- Born: May 31, 1925 New York, New York
- Died: April 7, 2016 (aged 90) Montpelier, Vermont
- Occupation: Novelist
- Writing career
- Genre: Historical fiction
- Subjects: Writing and ELA

= Harry Mazer =

American writer

Harry Mazer (May 31, 1925 in New York City – April 7, 2016 in Montpelier, Vermont) was an American writer of books for children and young adults, acclaimed for his "realistic" novels. He has written twenty-two novels, including The Solid Gold Kid, The Island Keeper, Heroes Don't Run, and Snow Bound (the latter of which was adapted as a Special Treat for NBC), as well as one work of poetry and a few short stories.

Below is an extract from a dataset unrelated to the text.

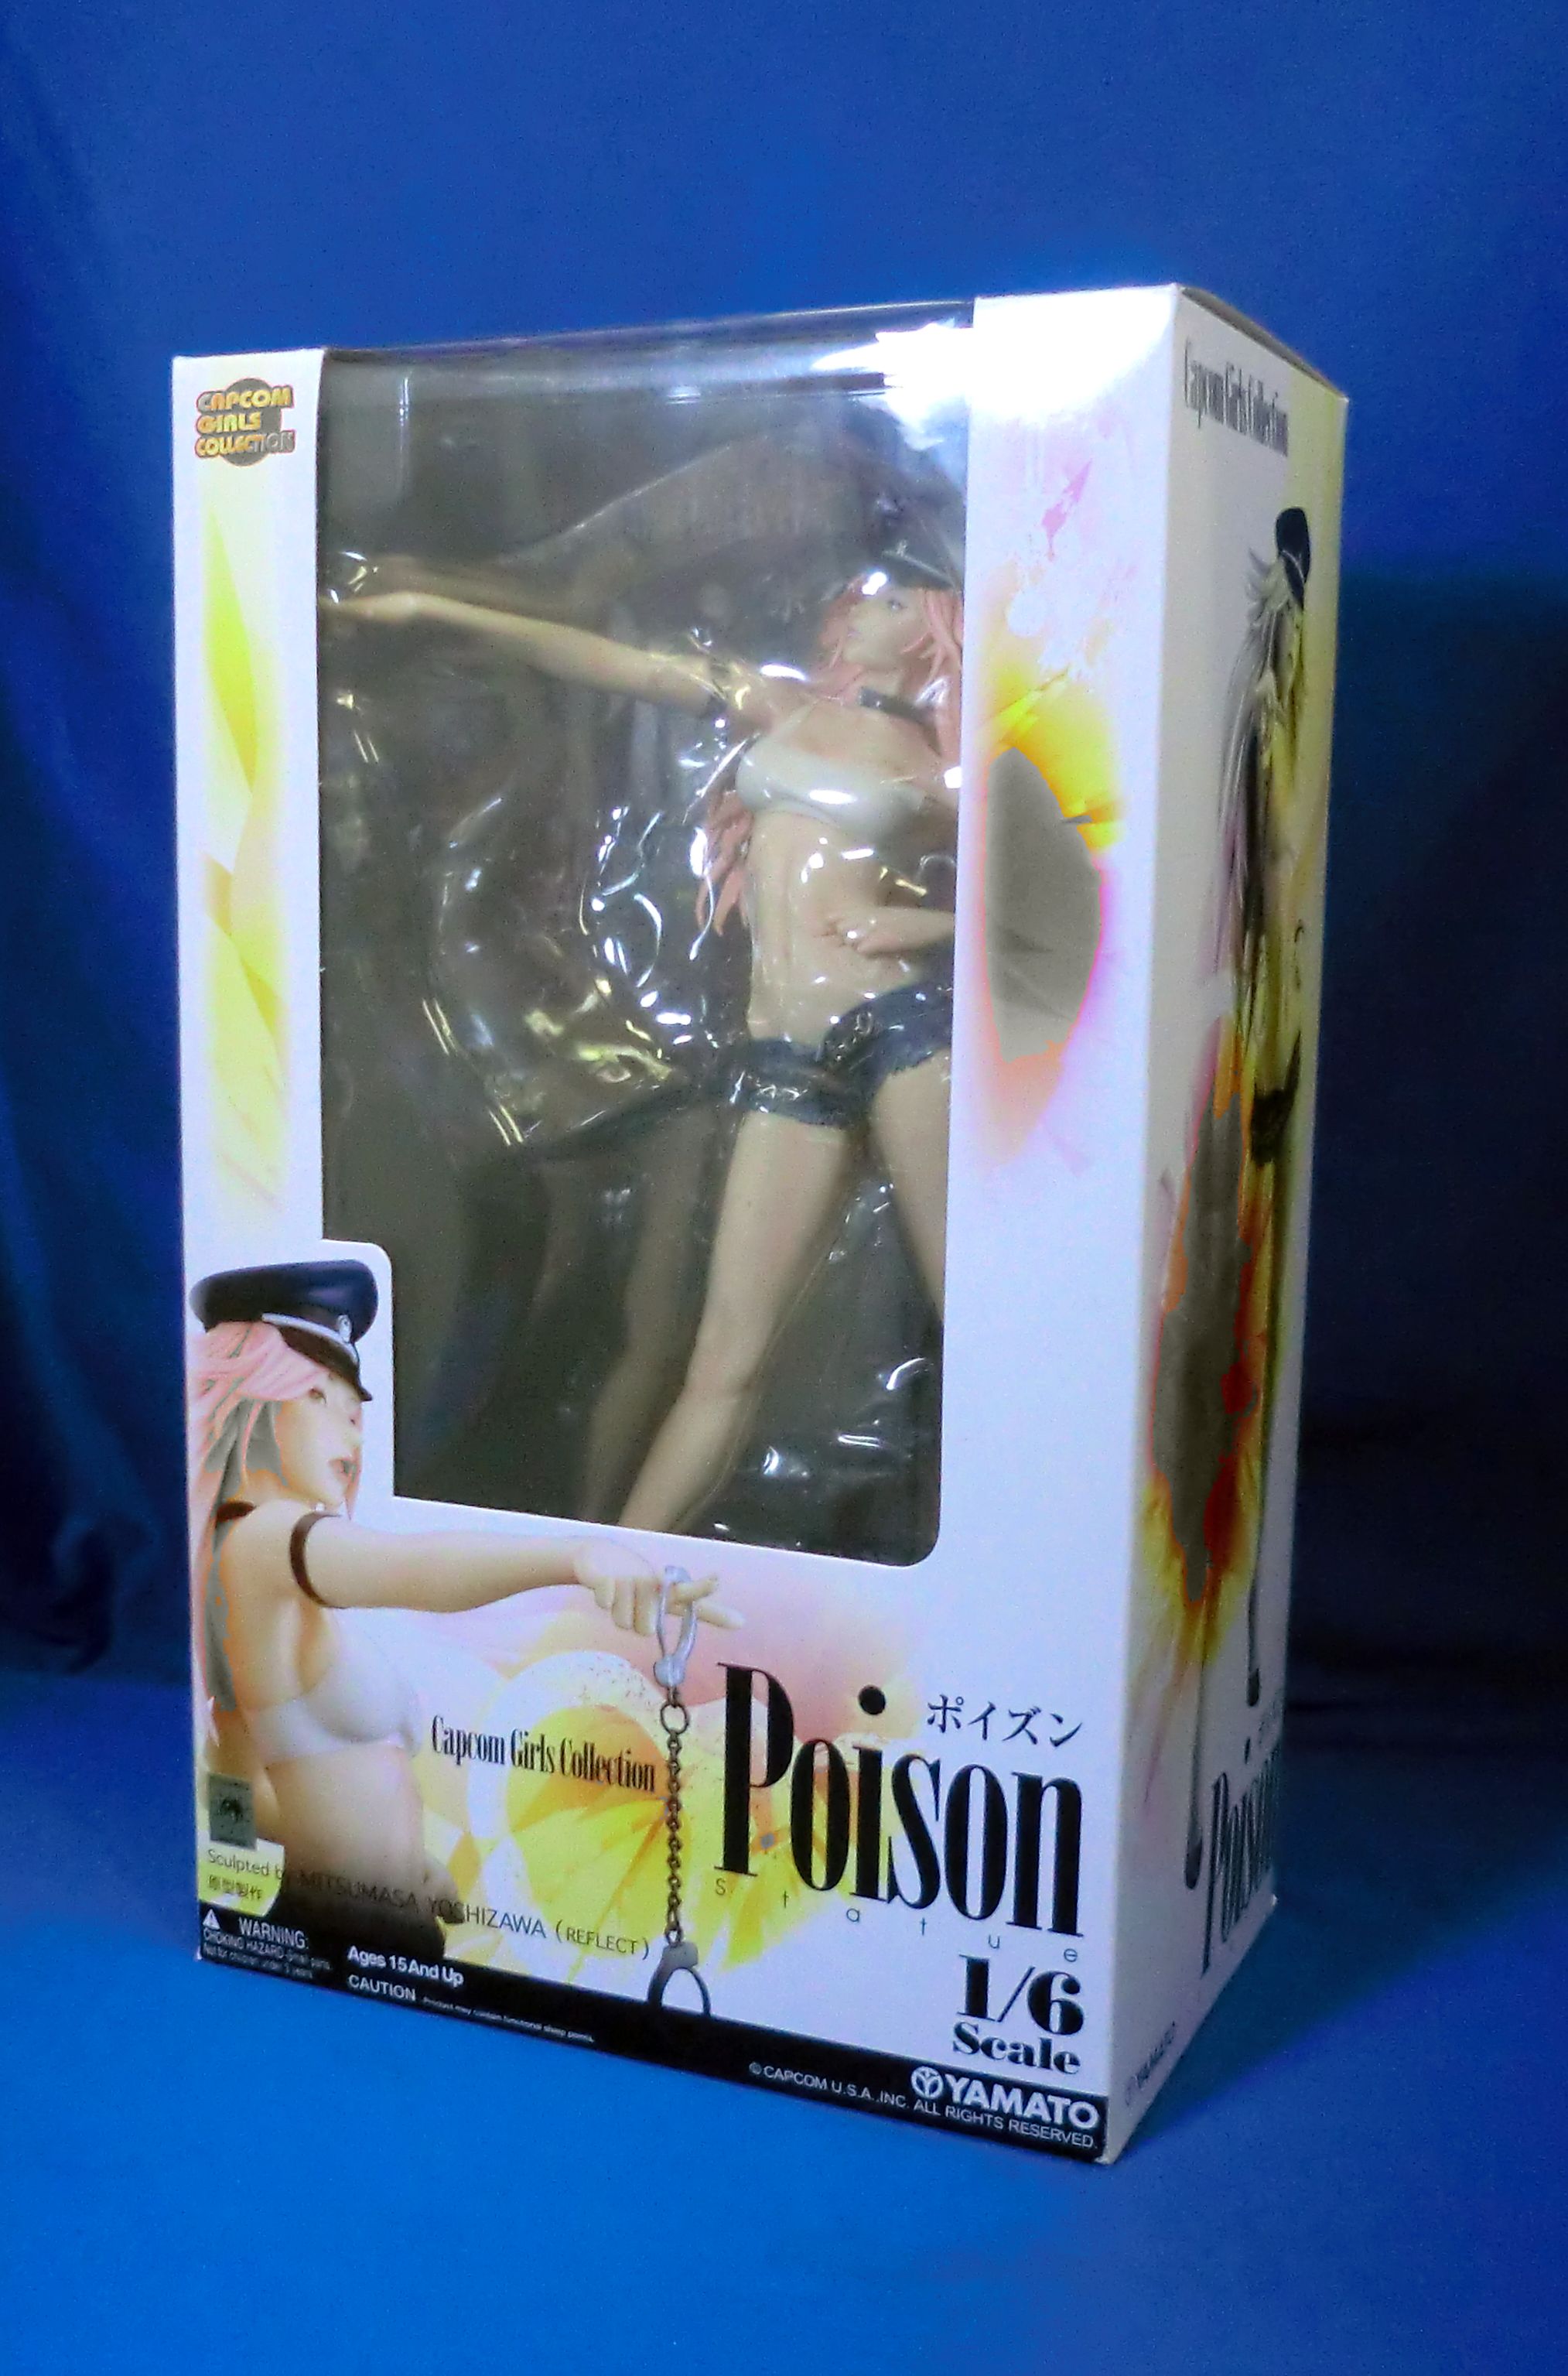 Yamato Capcom Girls Collction Poison 1/6

After attending the Bronx High School of Science Mazer served in World War II in the U.S. Army Air Force from 1943 to 1945. He became a sergeant, and he received a Purple Heart and an Air Medal with four bronze oak leaf clusters after his B-17 bomber was shot down over Czechoslovakia in April 1945. His wartime experiences eventually inspired several works of historical fiction, including The Last Mission and the Boy at War series (A Boy at War, A Boy No More, and Heroes Don't Run). After returning to the U.S., Mazer went to Union College, where he earned a BA in 1948. From 1950 to 1955 he was a railroad brakeman and switchtender for New York Central. He was an English teacher in upstate New York at the Central Square School for a year, in 1959. In 1960 he received a M.A. from Syracuse University.

He has won numerous awards including several 'Best Books' designations from the American Library Association, The Knickerbocker Award from the New York Library Association (2001), and The ALAN Award for Contributions to Young Adult Literature (2003).

Mazer co-authored three books with his late wife, Norma Fox Mazer. He is the father of author Anne Mazer.